There's a voice in the blue distance that seems to say, 'Come to me! I am here--hidden in my retreat, beyond the blue, and beyond the mirage, and beyond the farthest verge!'"

"Yes, I know."

"I have always felt, when we travelled in the desert, that the calling thing, the soul of the desert, retreated as I advanced, and still summoned me onward but always from an infinite distance."

"And I too, Domini."

"Now I don't feel that. I feel as if now we were coming near to the voice, as if we should reach it at Amara, as if there it would tell us its secret."

"Imagination!" he said.

But he spoke seriously, almost mystically. His voice was at odds with the word it said. She noticed that and was sure that he was secretly sharing her sensation. She even suspected that he had perhaps felt it first.

"Let us ride on," he said. "Do you see the change in the light? Do you see the green in the sky? It is cooler, too. This is the wind of evening."

Their hands fell apart and they rode slowly on, up the long slope of the sands.

Presently they saw that they had come out of the trackless waste and that though still a long way from the city they were riding on a desert road which had been trodden by multitudes of feet. There were many footprints here. On either side were low banks of sand, beaten into a rough symmetry by implements of men, and shallow trenches through which no water ran. In front of them they saw the numerous caravans, now more distinct, converging from left and right slowly to this great isle of the desert which stretched in a straight line to the minarets.

"We are on a highway," Domini said.

Androvsky sighed.

"I feel already as if we were in the midst of a crowd," he answered.

"Our love for peace oughtn't to make us hate our fellowmen!" she said.

"Come, Boris, let us chase away our selfish mood!"

She spoke in a more cheerful voice and drew her rein a little tighter.

Her horse quickened its pace.

"And think how our stay at Amara will make us love the solitudes when we return to them again. Contrast is the salt of life."

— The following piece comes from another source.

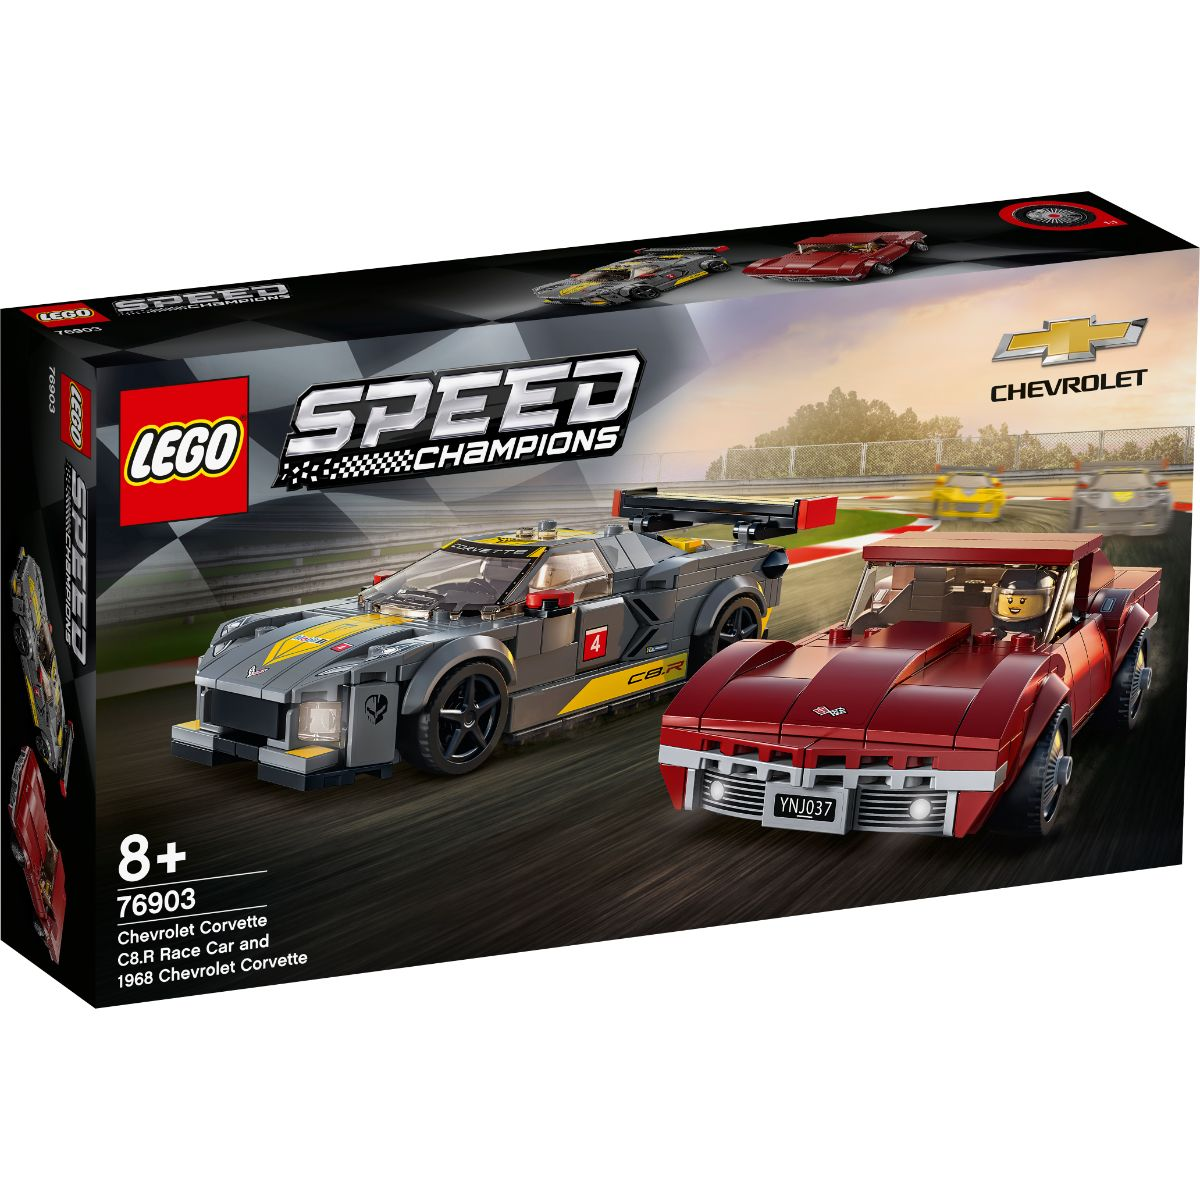 LEGO® Speed Champions - Masina de curse Chevrolet Corvette C8.R si 1968 Chevrolet Corvette (76903)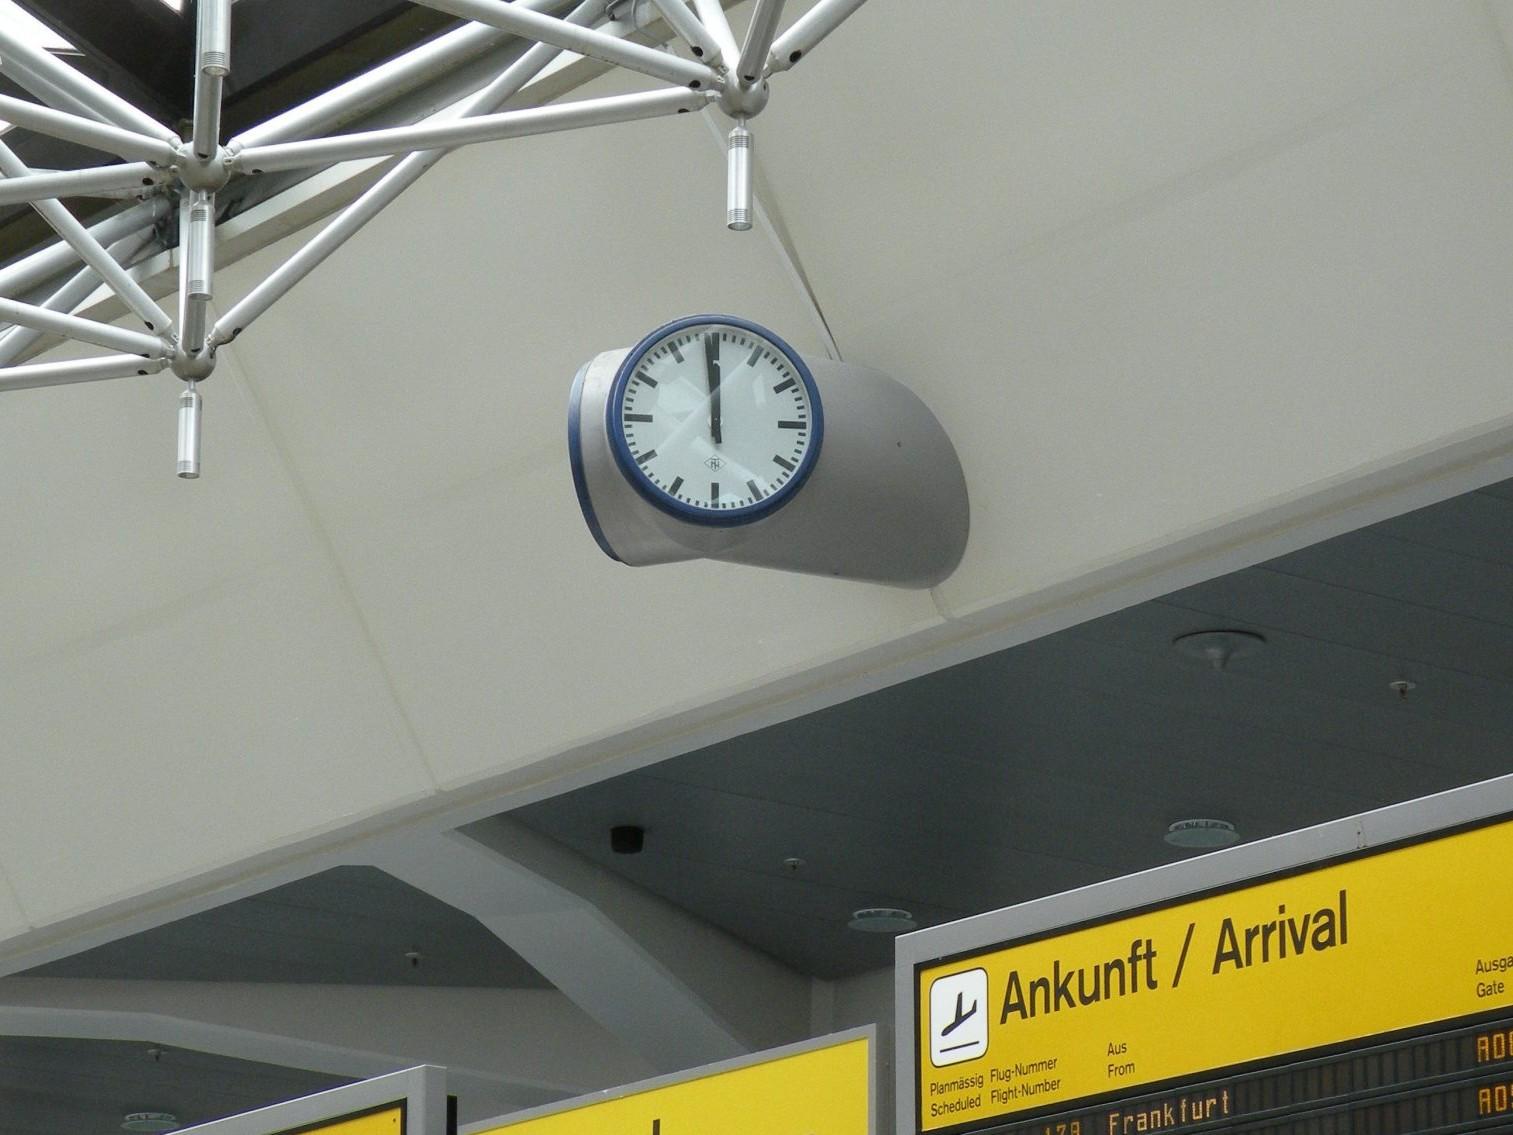 Flughafen Berlin-Tegel (von Gerkan, Marg u. Partner, 1965-74) - Foto: Stefan Rethfeld

"You speak as if you didn't believe what you are saying."

She laughed.

"If I were ever inclined to tell you a lie," she said, "I should not dare to. Your mind penetrates mine too deeply."

"You could not tell me a lie."

"Do you hear the dogs barking?" she said, after a moment. "They are among those tents that are like flies on the sands around the city.

That is the tribe of the Ouled Nails I suppose. Batouch says they camp here. What multitudes of tents! Those are the suburbs of Amara. I would rather live in them than in the suburbs of London. Oh, how far away we are, as if we were at the end of the world!"

Either her last words, or her previous change of manner to a lighter cheerfulness, almost a briskness, seemed to rouse Androvsky to a greater confidence, even to anticipation of possible pleasure.

"Yes. After all it is only the desert men who are here. Amara is their Metropolis, and in it we shall only see their life."

His horse plunged. He had touched it sharply with his heel.

"I believe you hate the thought of civilisation," she exclaimed.

"And you?"

"I never think of it. I feel almost as if I had never known it, and could never know it."

"Why should you? You love the wilds."

"They make my whole nature leap. Even when I was a child it was so. I remember once reading /Maud/. In it I came upon a passage--I can't remember it well, but it was about the red man--"

She thought for a moment, looking towards the city.